Home » People » Bo Cleveland

Bo Cleveland’s research interests center around trying to understand how individuals’ characteristics affect how they are impacted by experiences, such as how genetics can change the impact of peers on behaviors, and how these characteristics affect the ways in which adolescents and young adults negotiate challenging experiences, such as addiction and homelessness.

How Genes and Experiences Work Together to Contribute to Risk and Resilience

His research is based upon the belief that environments do not have the same, or even similar, effects on all individuals—and that reasons for this heterogeneity of environmental effects include genetics. His primary research project in this area is the genetic extension of the PROSPER project. This research project, referred to as gPROSPER, examines whether and how the impacts of substance use interventions and family and peer experiences vary across adolescents based on their genetics. For example, do dopamine-related genes change the impact of interventions on adolescent substance use trajectories?

How Homeless Adolescents Build Resilient Lives

He is increasingly involved in researching the experiences of homeless adolescents and the impact of their daily stress on their lives. His research group just finished a smartphone data collection of adolescents who have been kicked out of their homes and are “doubled-up” with others.
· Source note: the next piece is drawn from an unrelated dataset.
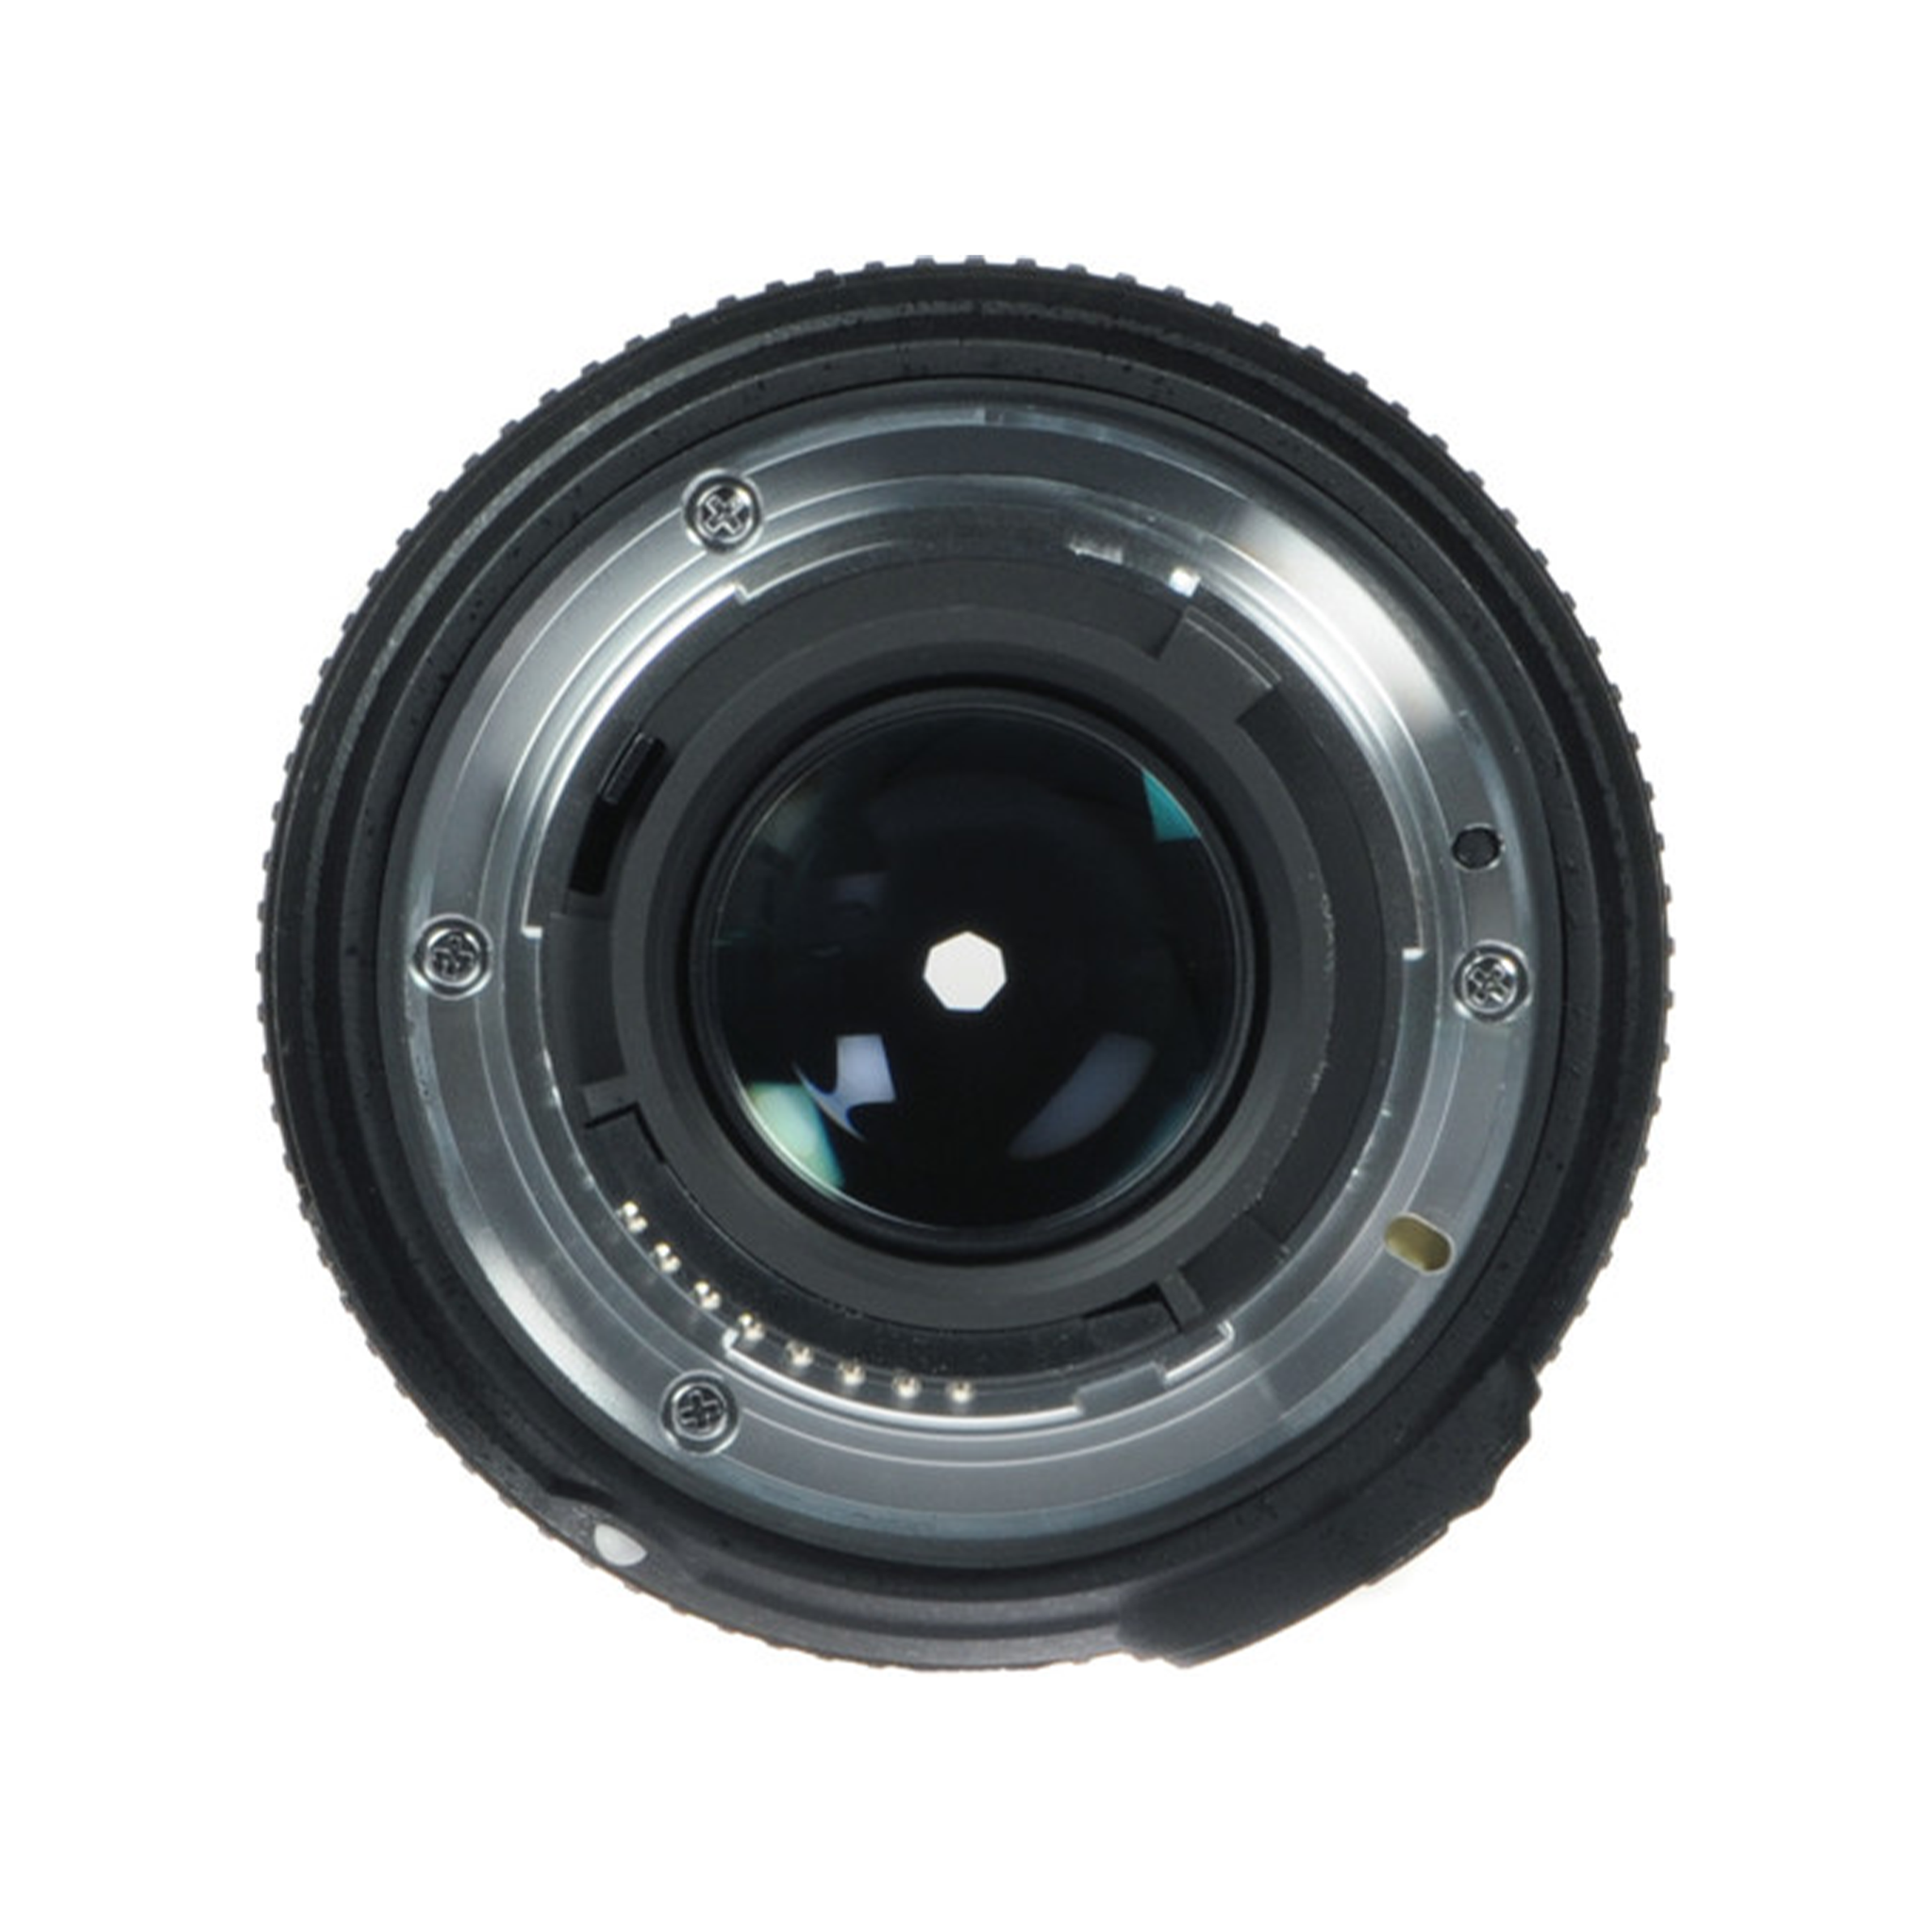 Nikon AF-S NIKKOR 50mm f/1.8G Lens-Camera Lenses-futuromic

These data are being used to document the positive and negative social experiences encountered by these homeless youth and investigate the strategies they use to overcome the challenges that define their daily lives.
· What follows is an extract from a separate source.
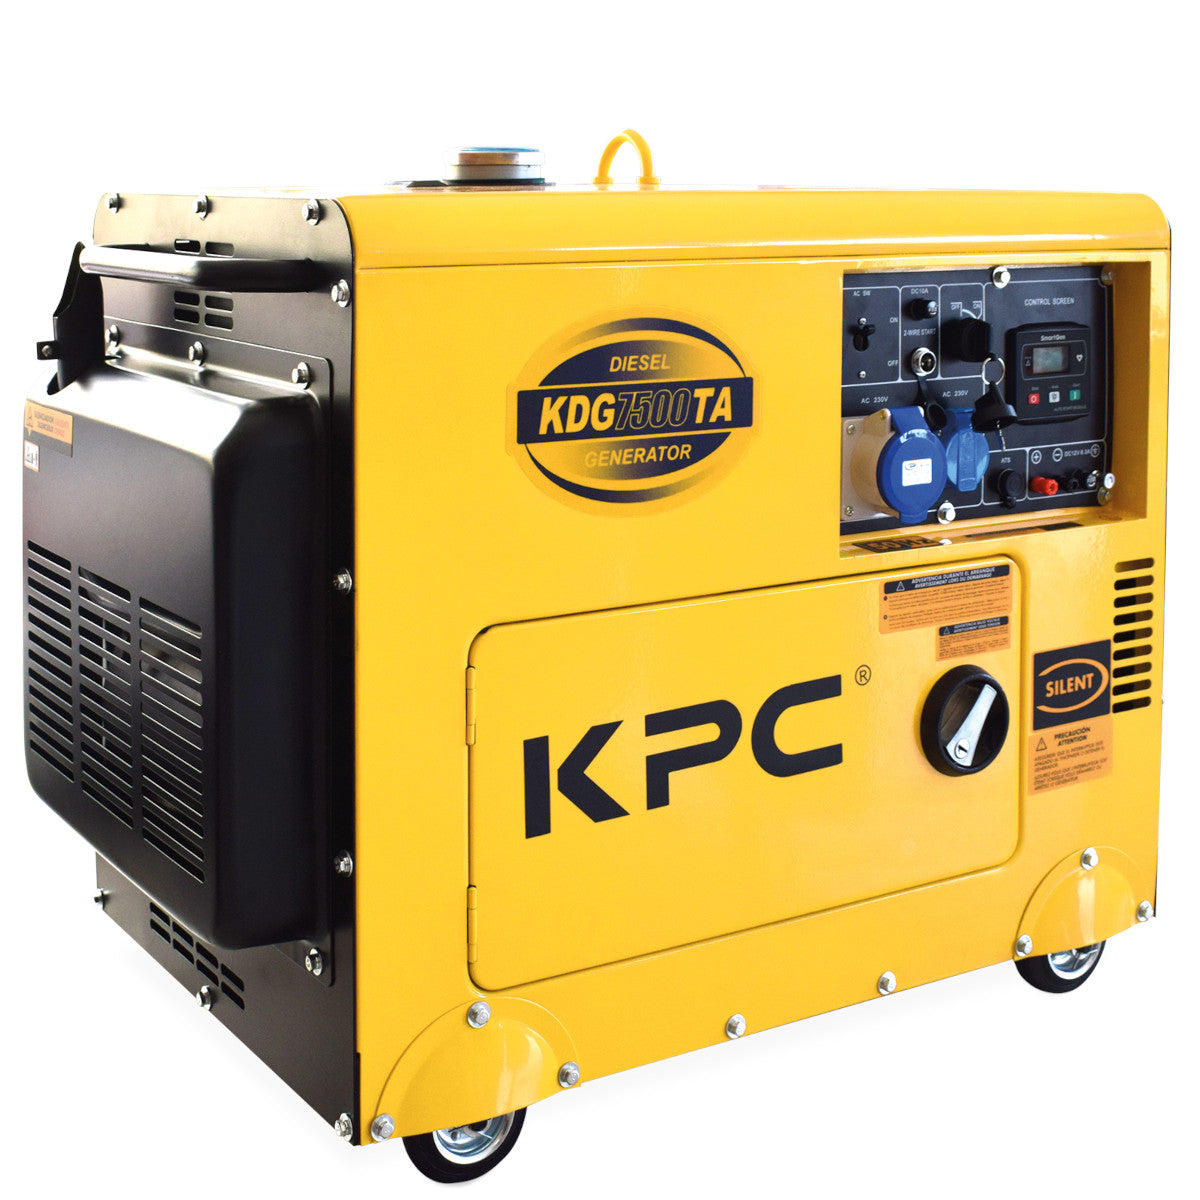 Groupe électrogène insonorisé diesel avec AVR KPC KDG 7500 TA

Daily Lives of People Building Recovery from Substance Use Disorders

His emerging research on youth homelessness has grown out of a decade’s worth of work on the daily lives of young adults in 12-step recovery from addiction, and from an ongoing project on patients in substance abuse treatment. This work, done in collaboration with the Penn State Hershey Medical School, uses smart phones to collect momentary data on mood and cravings experienced by people addicted to opioids. The within- and between-day patterns of mood and cravings will then be used to predict post-treatment recovery outcomes, such as relapse.

Other Projects

In addition to the above, he is collaborating with faculty through the Penn State Gene-Environment Research Initiative to build the Pennsylvania Twin Registry of young children and adolescents. This project focuses on how genes and environments work together to affect child-parent interactions, school readiness, and healthy daily behaviors.